DanielGBabel avatar Dec 22 '24 18:12 DanielGBabel

Just bumped into the same issue trying to import results of a quickstart guide.

natarajaya avatar Feb 26 '25 21:02 natarajaya

Here's the import script for the newest version graphrag 2.0.0 just released on Feb 26, 2025.

import pandas as pd
from neo4j import GraphDatabase
import time

NEO4J_URI="bolt://your host:7687"
NEO4J_USERNAME="neo4j"
NEO4J_PASSWORD="your password"
NEO4J_DATABASE = "neo4j"
GRAPHRAG_FOLDER = "/home/ubuntu/dataset/test/output"

driver = GraphDatabase.driver(NEO4J_URI, auth=(NEO4J_USERNAME, NEO4J_PASSWORD))

def batched_import(statement, df, batch_size=1000):
    """
    Import a dataframe into Neo4j using a batched approach.

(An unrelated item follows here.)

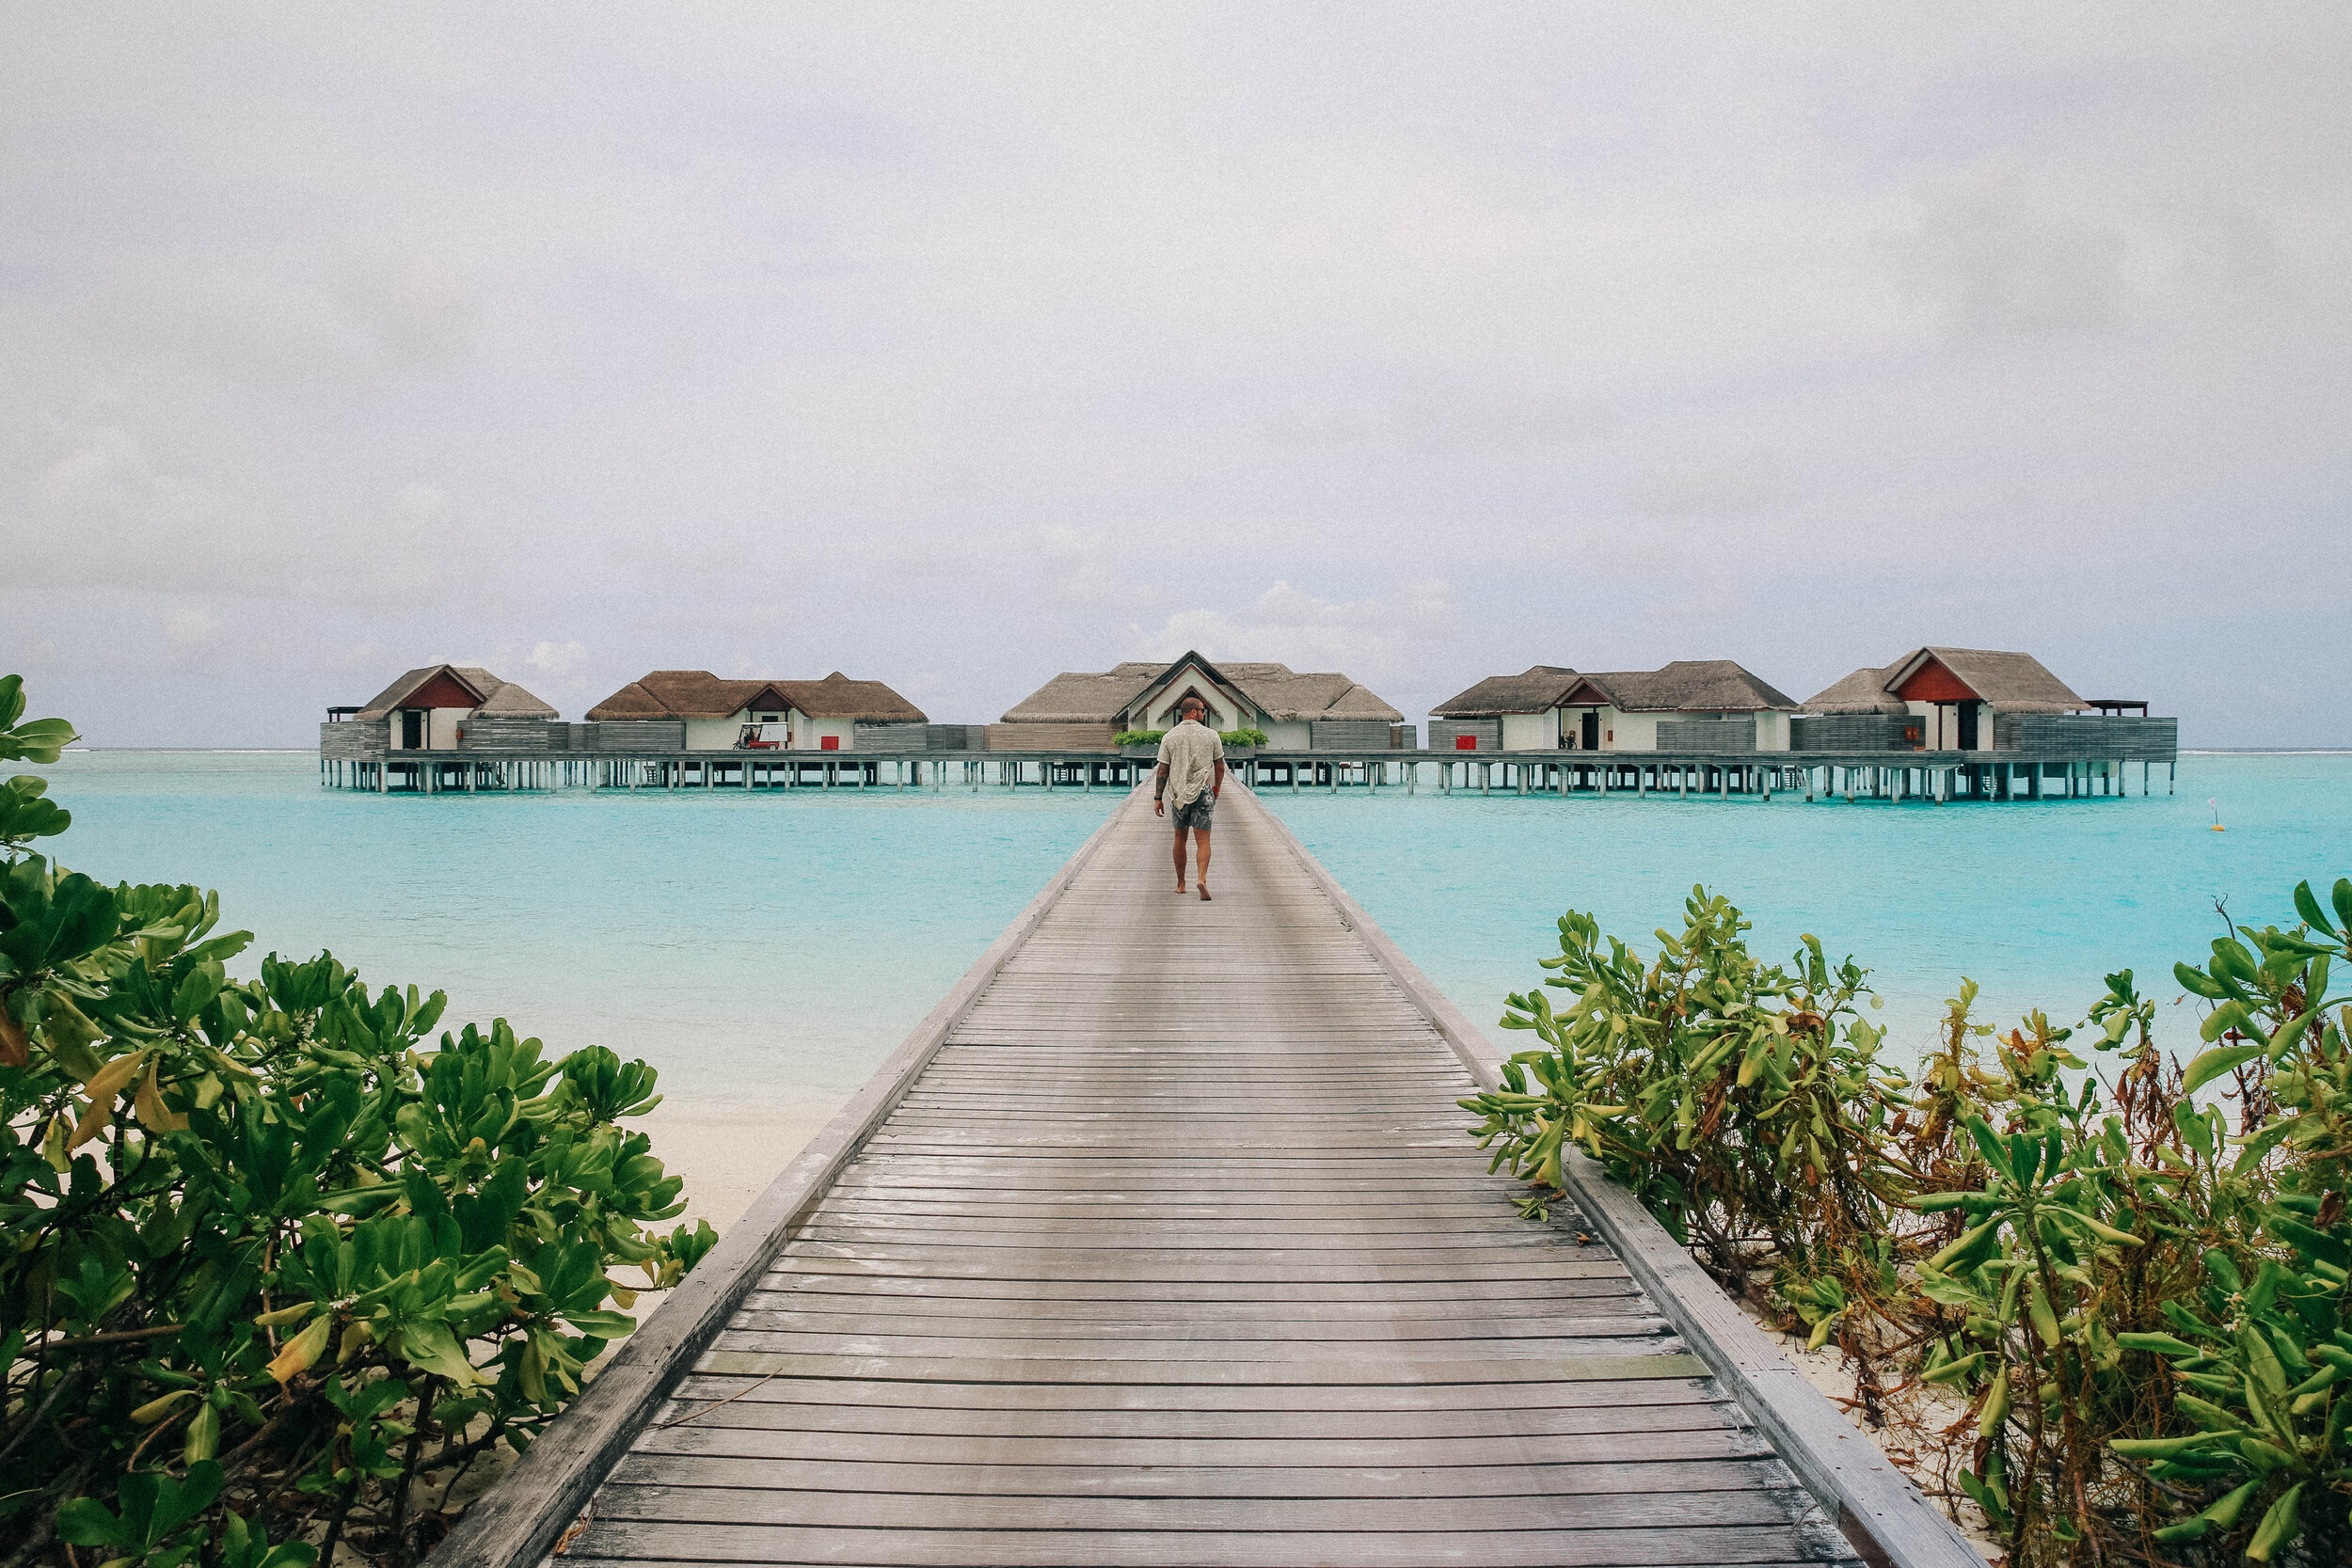 niyama maldives, stay active in maldives, get fit in maldives

    Parameters: statement is the Cypher query to execute, df is the dataframe to import, and batch_size is the number of rows to import in each batch.
    """
    total = len(df)
    start_s = time.time()
    for start in range(0, total, batch_size):
        batch = df.iloc[start : min(start + batch_size, total)]
        result = driver.execute_query(
            "UNWIND $rows AS value " + statement,
            rows=batch.to_dict("records"),
            database_=NEO4J_DATABASE,
        )
        print(result.summary.counters)
    print(f"{total} rows in {time.time() - start_s} s.")
    return total

# create constraints, idempotent operation -------------------------------------
statements = [
    "\ncreate constraint chunk_id if not exists for (c:__Chunk__) require c.id is unique",
    "\ncreate constraint document_id if not exists for (d:__Document__) require d.id is unique",
    "\ncreate constraint entity_id if not exists for (c:__Community__) require c.community is unique",
    "\ncreate constraint entity_id if not exists for (e:__Entity__) require e.id is unique",
    "\ncreate constraint entity_title if not exists for (e:__Entity__) require e.name is unique",
    "\ncreate constraint entity_title if not exists for (e:__Covariate__) require e.title is unique",
    "\ncreate constraint related_id if not exists for ()-[rel:RELATED]->() require rel.id is unique",
    "\n",
]

for statement in statements:
    if len((statement or "").strip()) > 0:
        print(statement)
        driver.execute_query(statement)

# Import documents -------------------------------------------------------------
doc_df = pd.read_parquet(f"{GRAPHRAG_FOLDER}/documents.parquet")
doc_df.info()
doc_df = pd.read_parquet(
    f"{GRAPHRAG_FOLDER}/documents.parquet", columns=["id", "title"]
)
doc_df.head(2)

statement = """
MERGE (d:__Document__ {id:value.id})
SET d += value {.title}
"""

batched_import(statement, doc_df)

# Import text units-------------------------------------------------------------
text_df = pd.read_parquet(f"{GRAPHRAG_FOLDER}/text_units.parquet")
text_df.info()
text_df = pd.read_parquet(
    f"{GRAPHRAG_FOLDER}/text_units.parquet",
    columns=["id", "text", "n_tokens", "document_ids"],
)
text_df.head(2)

statement = """
MERGE (c:__Chunk__ {id:value.id})
SET c += value {.text, .n_tokens}
WITH c, value
UNWIND value.document_ids AS document
MATCH (d:__Document__ {id:document})
MERGE (c)-[:PART_OF]->(d)
"""

batched_import(statement, text_df)

# Import entities --------------------------------------------------------------
entity_df = pd.read_parquet(f"{GRAPHRAG_FOLDER}/entities.parquet")
entity_df.info()
entity_df = pd.read_parquet(
    f"{GRAPHRAG_FOLDER}/entities.parquet",
    columns=[
        "title",
        "type",
        "description",
        "human_readable_id",
        "id",
        "text_unit_ids",
    ],
)
entity_df.head(2)

entity_statement = """
MERGE (e:__Entity__ {id:value.id})
SET e += value {.human_readable_id, .description, title:replace(value.title,'"','')}
WITH e, value
CALL apoc.create.addLabels(e, case when coalesce(value.type,"") = "" then [] else [apoc.text.upperCamelCase(replace(value.type,'"',''))] end) yield node
UNWIND value.text_unit_ids AS text_unit
MATCH (c:__Chunk__ {id:text_unit})
MERGE (c)-[:HAS_ENTITY]->(e)
"""

batched_import(entity_statement, entity_df)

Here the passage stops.